- env.close() is dependent on the environment, so it will do different things for each one. It basically is used to stop rendering the game, as seen in the code here.
def close(self):
if self.screen is not None:
import pygame
pygame.display.quit()
pygame.quit()
self.isopen = False
total_timesteps
is the total amount of timesteps you'd like to train your agent. n_steps
is the parameter that is used to decide how often to update a model. Feel free to look at the documentation if you're still confused.
- From the documentation, verbosity is how much is printed out about the model at each update:
verbose (int) – the verbosity level: 0 no output, 1 info, 2 debug
- No. As you are only calling the model's
predict()
function, this question doesn't make sense since you can easily call the predict()

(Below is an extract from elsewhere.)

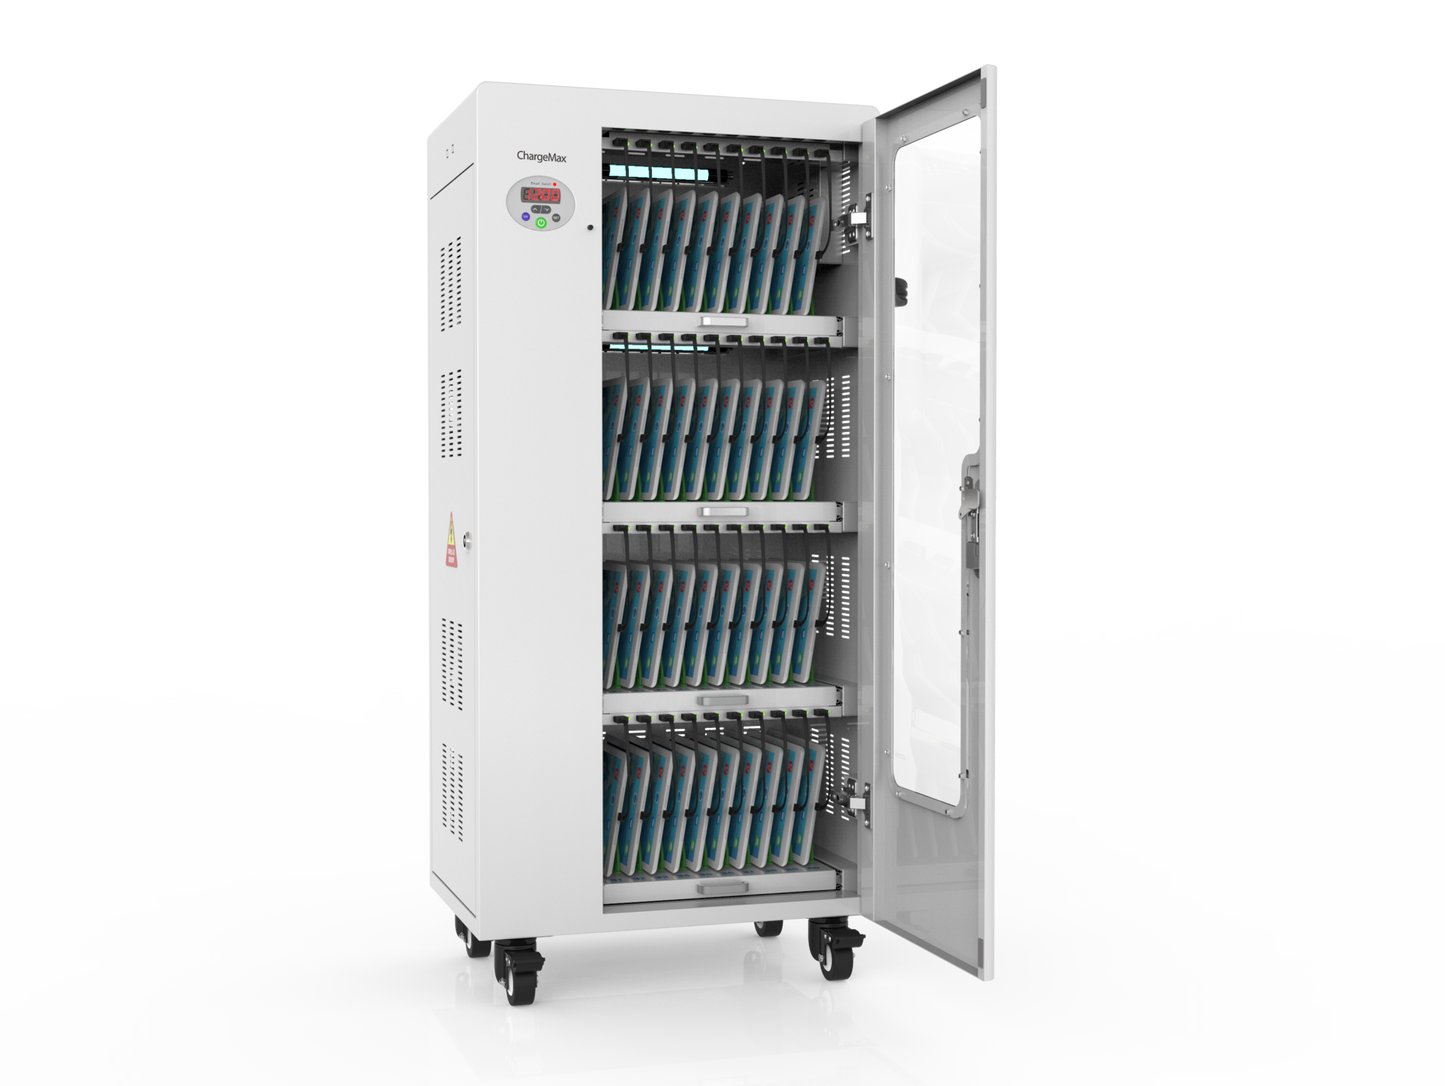 ChargeMax Disinfection Charging Cabinet - 40 bays, 4 Level (CT-40BU) - CT-40BU - 4 Level / 40 Bays. 5 minutes UVC Disinfection with digital timer; UV Disinfection System inside the cabinet removes germs and bacteria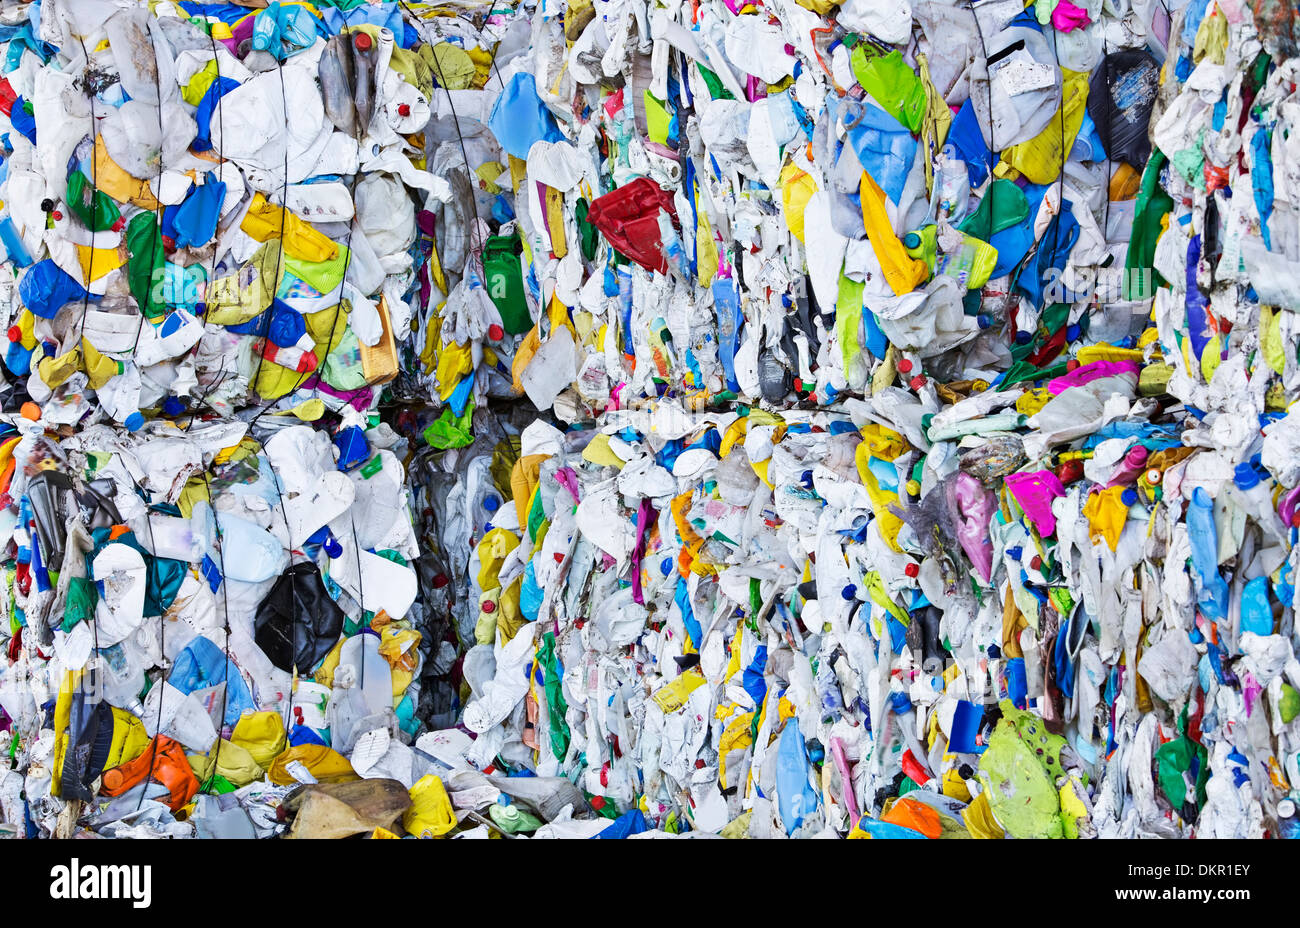 Compressed recycling bundles Stock Photo

function immediately afterward with deterministic=False
and you would get a stochastic action. The model itself is neither stochastic nor deterministic. PPO, in particular, gets actions by first inputting an observation to the actor's network, which will output what are called logits, or unnormalized log action probabilities. Those logits are then passed through a Categorical distribution which is essentially a Softmax() operation to get the action probability distribution. A simple pseudocode example to get actions from the policy's network would be as follows:
logits = policy_network(observation)
probs = Categorical(logits=logits)
actions = probs.sample()
As you can see from this code:
def get_actions(self, deterministic: bool = False) -> th.Tensor:
"""
Return actions according to the probability distribution.
:param deterministic:
:return:
"""
if deterministic:
return self.mode()
return self.sample()
Stable Baselines uses the deterministic
input you mentioned to either call the Categorical distribution's mode()
function or it's sample()
function. The code from both are in Pytorch's documentation:
def sample(self, sample_shape=torch.Size()):
if not isinstance(sample_shape, torch.Size):
sample_shape = torch.Size(sample_shape)
probs_2d = self.probs.reshape(-1, self._num_events)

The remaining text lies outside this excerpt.